其实简单来讲dynamic_decode就是先执行decoder的初始化函数,对解码时刻的state等变量进行初始化,然后循环执行decoder的step函数进行多轮解码。简而言之,其函数主体就相当于一个for循环,程序主体部分是一个control_flow_ops.while_loop循环:

while_loop(cond, body, loop_vars, shape_invariants=None, parallel_iterations=10, back_prop=True, swap_memory=False, name=None)
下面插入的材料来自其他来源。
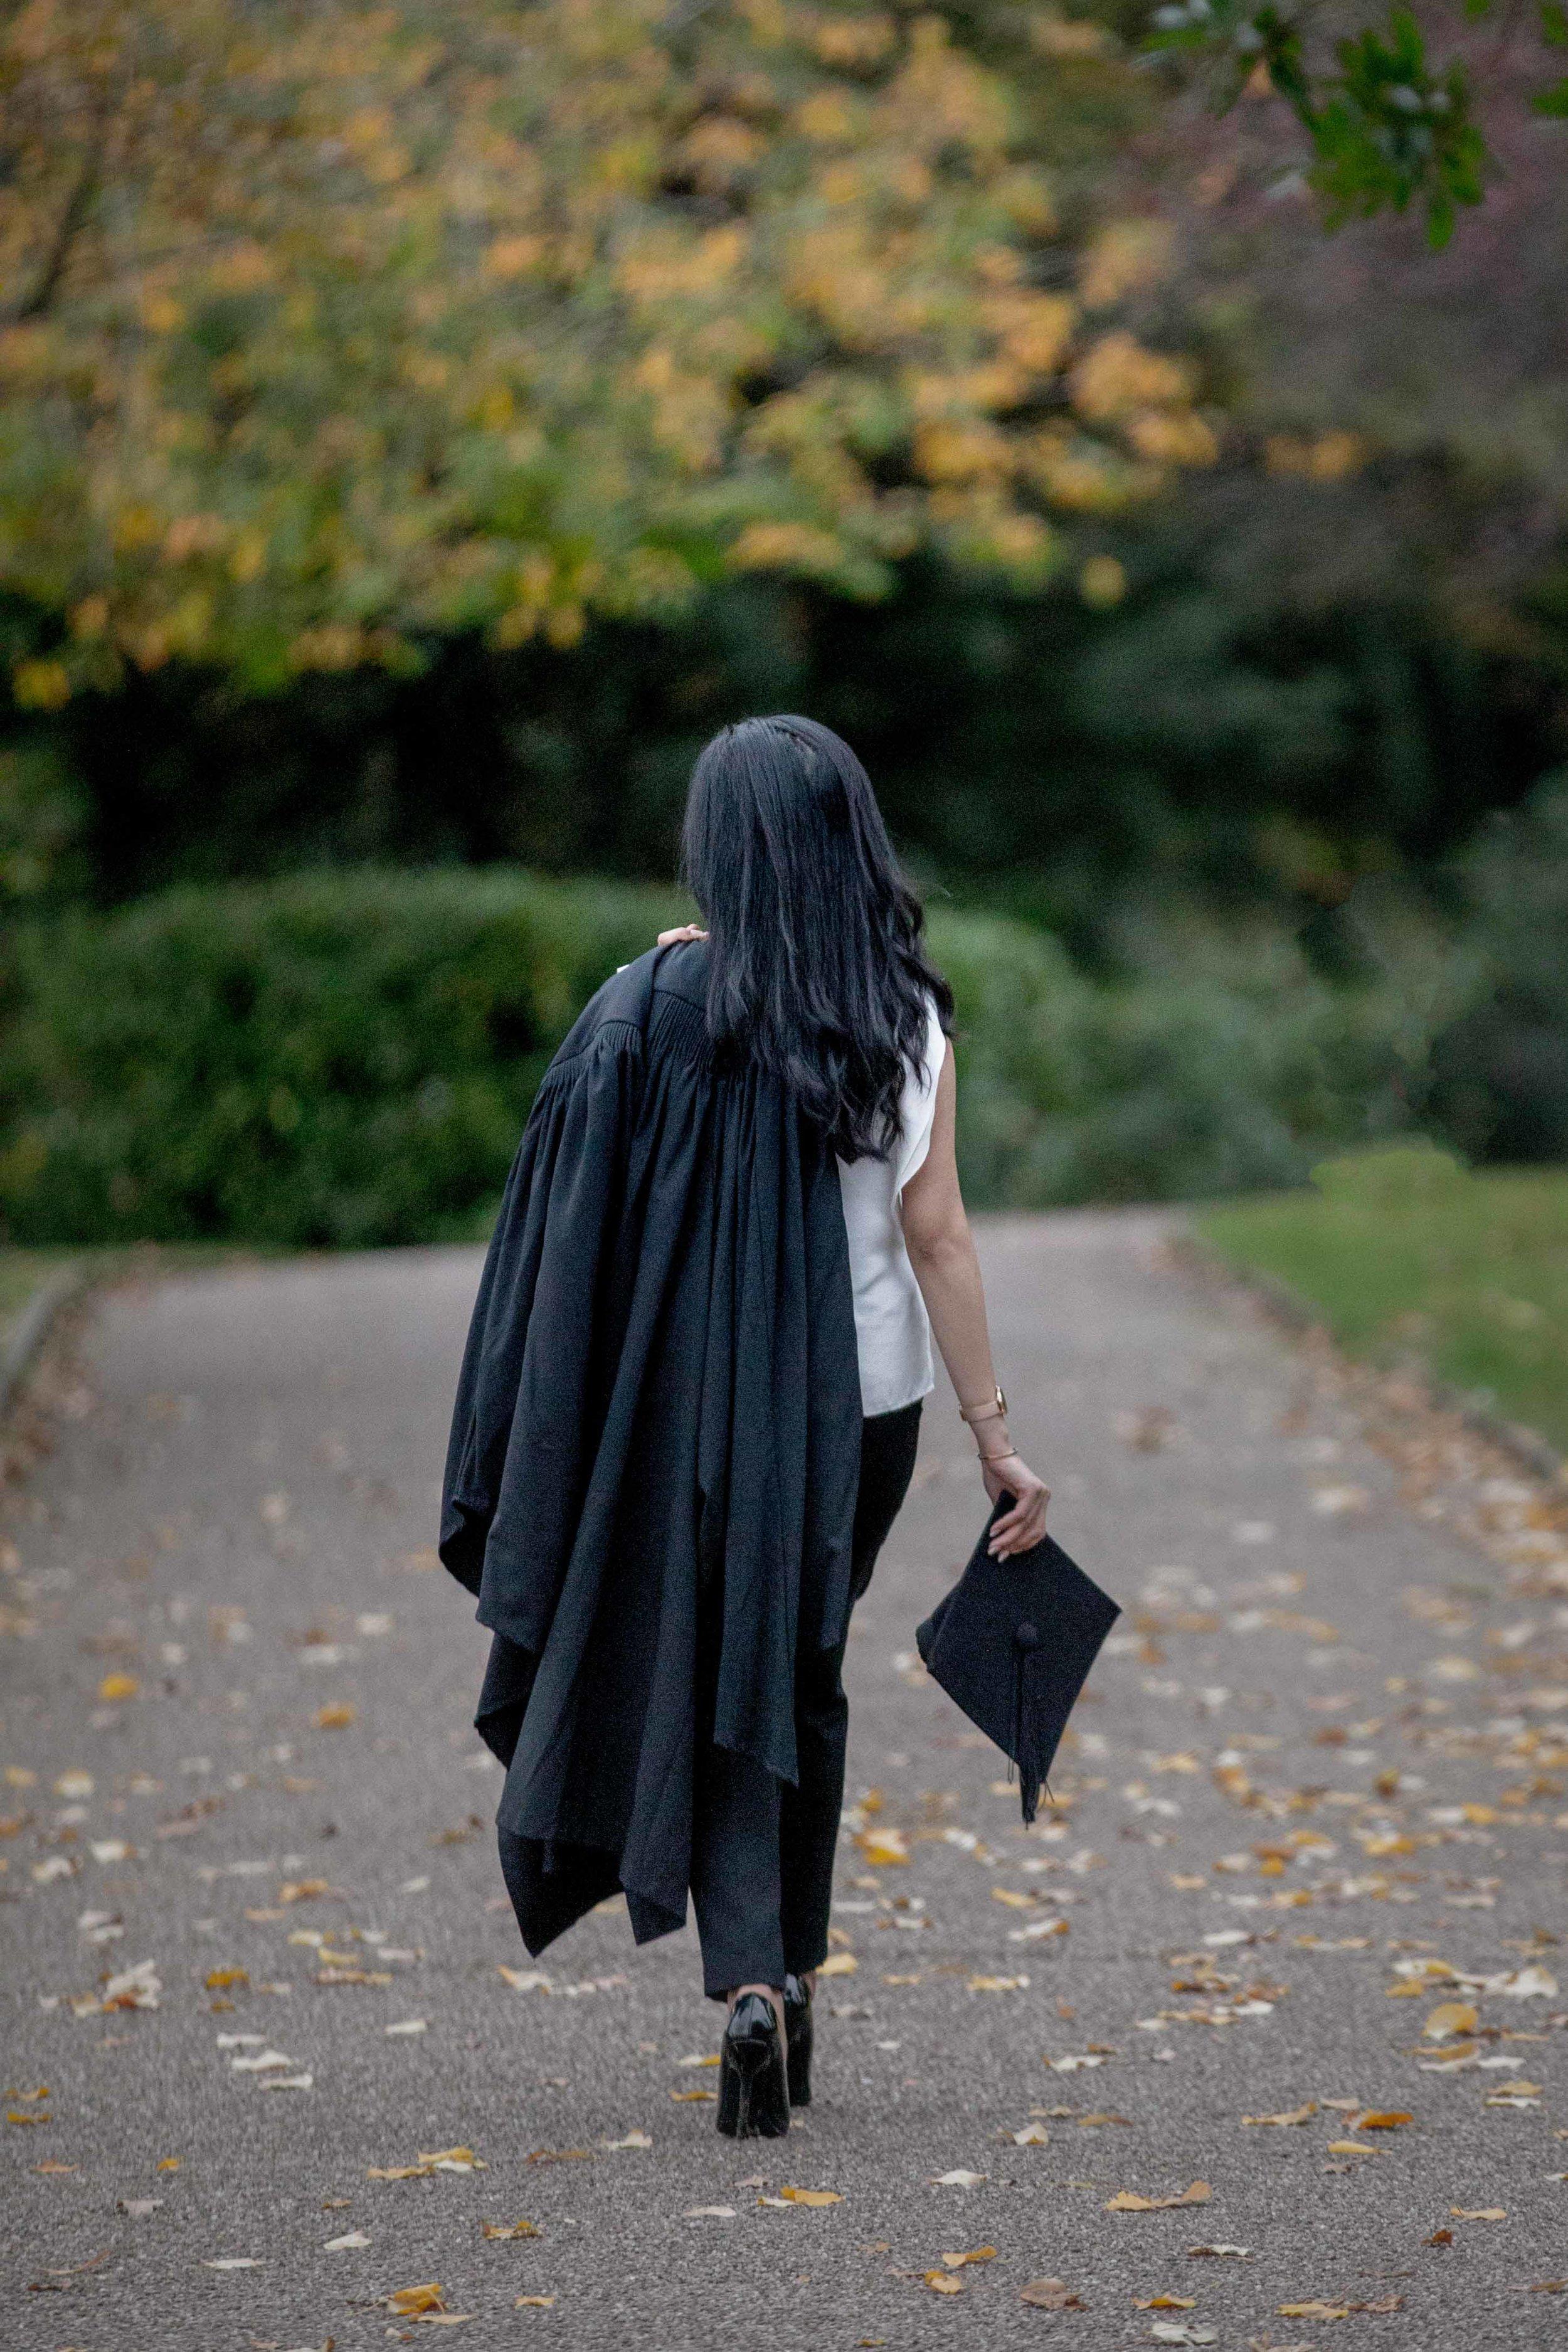 chester-university-graduation-ceremony-photography-photoshoot-graduation-photographer-Bristol-London-Cardiff-Birmingham-Chester-Natalia-smith-photography-19.jpg
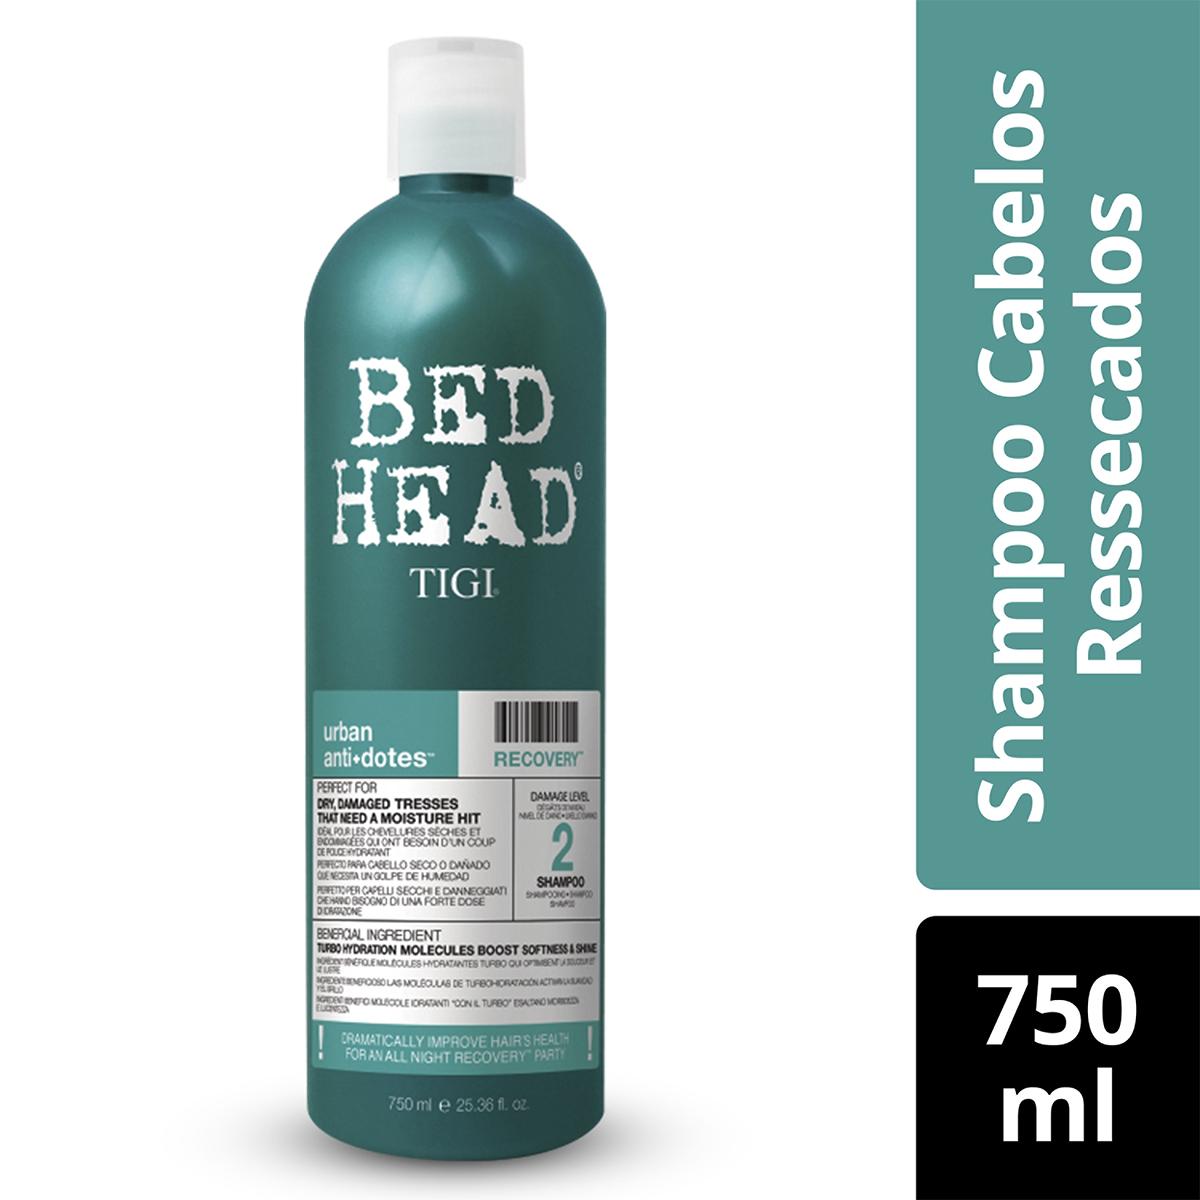 Shampoo Bed Head Recovery Cabelos Ressecados 750ml 750ml

其中cond是循环的条件,body是循环执行的主体, 这两个都是函数,具体实现如下。loop_vars是要用到的变量,condition()和body()的参数相同且都是loop_vars。但一般condition()函数中只用到个别参数用来判断循环是否结束,大部分参数都是body中才会用到。parallel_iterations是并行执行循环的个数。condition()函数其实就是看finished是否全部为True,而body()函数也就是执行了decoder.step(time, inputs, state)这句代码之后一系列的赋值和判断。

# 循环条件
def condition(unused_time, unused_outputs_ta, unused_state, unused_inputs,
                finished, unused_sequence_lengths):
    return math_ops.logical_not(math_ops.reduce_all(finished))

# 循环执行的主体
def body(time, outputs_ta, state, inputs, finished, sequence_lengths):
    ## 1. 调用step函数得到下一时刻的输出、状态、并得到下一时刻输入(由helper得到)和是否完成变量decoder_finished
  	(next_outputs, decoder_state, next_inputs, decoder_finished) = decoder.step(time, inputs, state)
    ## 2. 根据decoder_finished和time是否已经大于maximum_iterations综合判断解码是否结束
  	next_finished = math_ops.logical_or(decoder_finished, finished)
  	if maximum_iterations is not None:
    	next_finished = math_ops.logical_or(
        	next_finished, time + 1 >= maximum_iterations)
  	next_sequence_lengths = array_ops.where(
      	math_ops.logical_and(math_ops.logical_not(finished), next_finished),
      	array_ops.fill(array_ops.shape(sequence_lengths), time + 1),
      	sequence_lengths)

  	nest.assert_same_structure(state, decoder_state)
  	nest.assert_same_structure(outputs_ta, next_outputs)
  	nest.assert_same_structure(inputs, next_inputs),
    ## 3. 如果设置了impute_finished为真,在程序结束时将next_outputs置为零,不让其进行反向传播。并对decoder_state进行拷贝得到下一时刻状态. 所以这里如果设置为true,会浪费一些时间,但是精度会更高
  	if impute_finished:
    	emit = nest.map_structure(lambda out, zero: array_ops.where(finished, zero, out), 			next_outputs, zero_outputs)
  	else:
    	emit = next_outputs

    # Copy through states past finish
    def _maybe_copy_state(new, cur):
      	# TensorArrays and scalar states get passed through.
      	if isinstance(cur, tensor_array_ops.TensorArray):
        	pass_through = True
      	else:
        	new.set_shape(cur.shape)
        	pass_through = (new.shape.ndims == 0)
      	return new if pass_through else array_ops.where(finished, cur, new)
	## 4. 判断输入是否完成
    if impute_finished:
      	next_state = nest.map_structure(_maybe_copy_state, decoder_state, state)
    else:
      	next_state = decoder_state
    ## 5. 返回结果outputs_ta
    outputs_ta = nest.map_structure(lambda ta, out: ta.write(time, out), outputs_ta, emit)
    return (time + 1, outputs_ta, next_state, next_inputs, next_finished, next_sequence_lengths)
# 调用上面定义的cond和body进行循环解码
res = control_flow_ops.while_loop(condition, body,
      loop_vars=[initial_time, initial_outputs_ta, initial_state, initial_inputs, initial_finished, initial_sequence_lengths, ],
      parallel_iterations=parallel_iterations, swap_memory=swap_memory)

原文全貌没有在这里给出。